Backpropagation is a fundamental algorithm in training artificial neural networks. It is used to adjust the weights of the neural network based on the errors it makes during training.
A neural network is composed of layers of interconnected neurons, and each connection has an associated weight. During training, the network takes input data, makes predictions, compares those predictions to the actual target values, calculates the errors, and then updates the weights to minimize those errors. This process is repeated iteratively until the network's performance improves.
Backpropagation involves two main steps: the forward pass and the backward pass.
Forward Pass: In the forward pass, the input data is fed into the neural network, and the activations are computed layer by layer until the output layer is reached. This process involves a series of weighted sums and activation functions.
Backward Pass: In the backward pass, the errors are propagated backward through the network, and the gradients of the error with respect to each weight are calculated. These gradients indicate how much the error would change if we made small adjustments to the corresponding weight. The goal is to find the direction in which each weight should be adjusted to reduce the overall error.
Now, let's dive into the calculus used in backpropagation with a simple example of a single-layer neural network.
Example: Single-Layer Neural Network Consider a neural network with a single neuron (perceptron) and one input. Let's denote the input as x, the weight of the connection between the input and the neuron as w, the output of the neuron as y, and the target output as t. The activation function of the neuron is represented by the function f.
Forward Pass: The forward pass involves calculating the output of the neuron based on the given input and weight:
y = f(wx)
Backward Pass: In the backward pass, we calculate the gradient of the error with respect to the weight (dw). This gradient tells us how the error changes as we change the weight.
The error (E) between the output y and the target t is typically defined using a loss function (e.g., mean squared error):
E = 0.5 * (t - y)^2
Now, we want to find dw, the derivative of the error with respect to the weight w:
dw = dE/dw
Using the chain rule of calculus, we can calculate dw step by step:
dw = dE/dy * dy/dw
Calculate dE/dy: dE/dy = d(0.5 * (t - y)^2)/dy = -(t - y)

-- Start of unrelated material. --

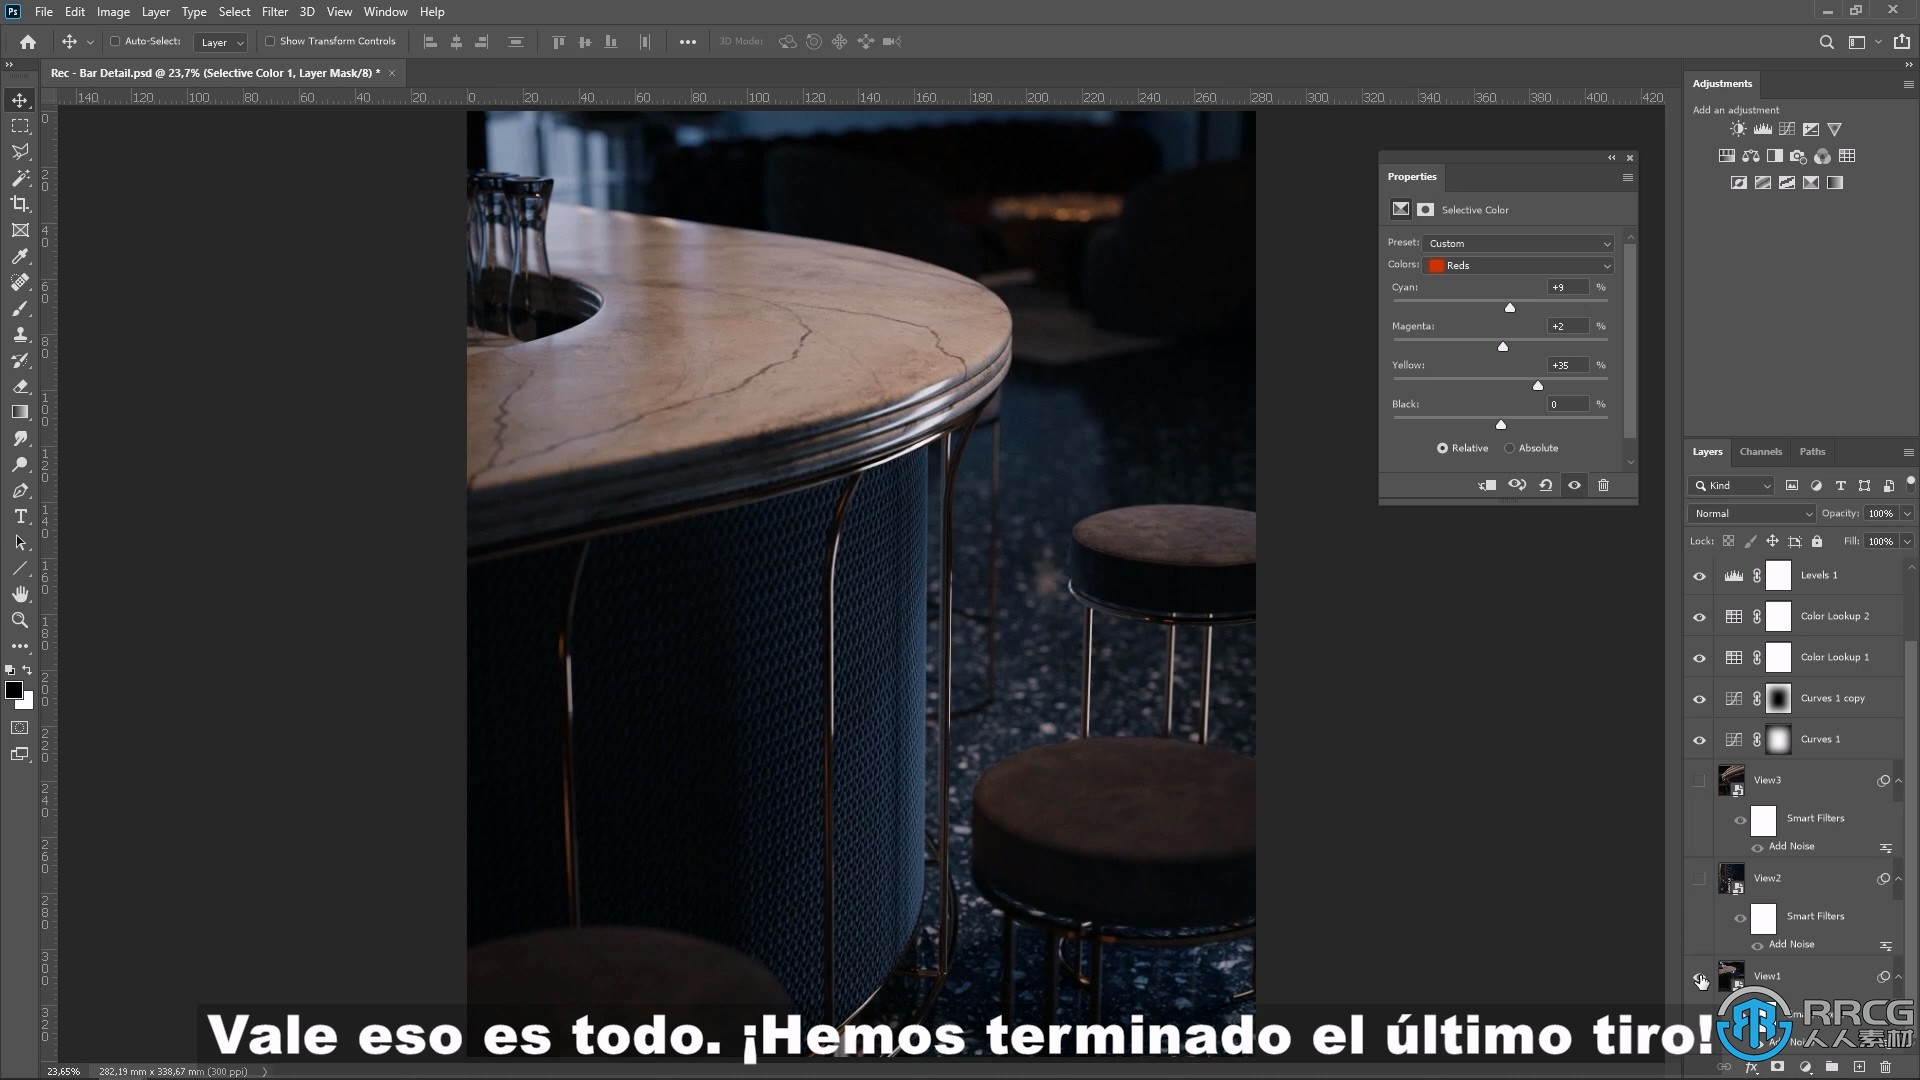 3dsmax与Corona高级室内可视化设计视频教程

Calculate dy/dw: dy/dw = d(f(wx))/dw
Here, we need to consider the derivative of the activation function f with respect to its argument wx and the derivative of wx with respect to w.
Let's assume f(wx) is a sigmoid activation function: f(wx) = 1 / (1 + e^(-wx))
Then, the derivative of f with respect to its argument is: df/d(wx) = f(wx) * (1 - f(wx))
Now, we have dy/dw: dy/dw = df/d(wx) * d(wx)/dw = f(wx) * (1 - f(wx)) * d(wx)/dw
Calculate d(wx)/dw: wx = w * x d(wx)/dw = x
Now, putting it all together: dw = dE/dy * dy/dw = -(t - y) * f(wx) * (1 - f(wx)) * x
With this gradient, we can update the weight w to minimize the error. The weight update is done using a learning rate (η):
w_new = w_old - η * dw
The learning rate is a hyperparameter that controls the step size in the weight update.
This is the basic idea of backpropagation for a single-layer neural network. In practice, neural networks have multiple layers and more complex architectures, but the core calculus principles remain the same. The process of backpropagation is applied iteratively for each training sample to adjust the weights and improve the network's performance.